Ancient columns which once held up mighty monuments, stand against the sands of time, in the haze of a late June afternoon. There is hardly a soul, but the ruins are filled with the peace of the day’s final few rays. Anatolia, legacy, shifting sediments, vessels of civilisations long gone.




This is a memory which has lingered in my psyche ever since I visited the ruins of Perge as a toddler.

It felt like a kind of full circle moment to come again twenty years later.


With my sister Suzie , we spent an afternoon under the baking Anatolian sun, exploring the ruins of this once bustling Lycian settlement-turned-Roman metropolis. Perge is a physical portal into antiquity- it featured on ancient Hittite tablets, and hosted Persians, Seleucids and Greek armies headed by Alexander the Great, before becoming a Roman city in 188 BC.

The stadium, baths, coliseum, necropolis and temple of Artemis were breathtaking, no doubt, but the place which struck a chord with us were the ruins of an ancient Byzantine church.

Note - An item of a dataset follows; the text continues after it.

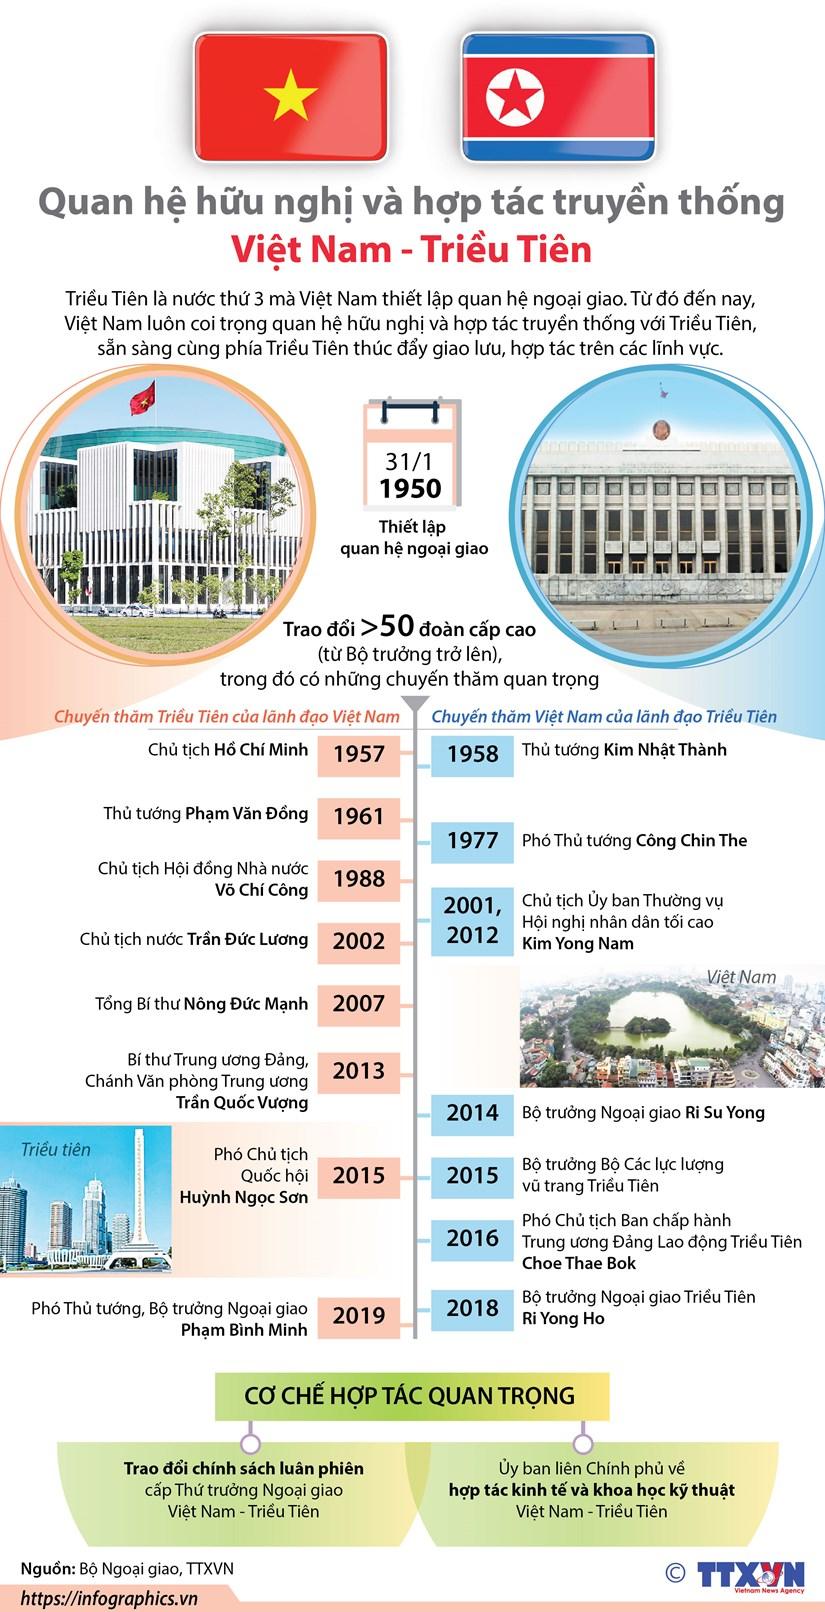 [Infographics] Quan he huu nghi hop tac Viet Nam-Trieu Tien hinh anh 1

As I kneeled at the remains of the altar, my sweaty forehead resting in the gravel, I was overcome by awe. That primal human impulse to worship that which is greater than us. We both were actually, as believers in Christ, moved by the realisation that here we were, thousands of years later, praying and communing in the same stone structure where our Greek, Jewish and Turkish spiritual ancestors would have gathered. Indeed the apostle Paul, a Jew from modern day Türkiye and founder of the early Christian church, passed through Perge on his travels to spread the gospel. You can read more about it in the Acts of the Apostles, a book in the Bible.


On that hot afternoon, surrounding by sprawling ruins, olive trees and the sweet scent of blooming Bougainvillea, I was reminded that stones crumble, generations pass through, but our creator remains the same, always.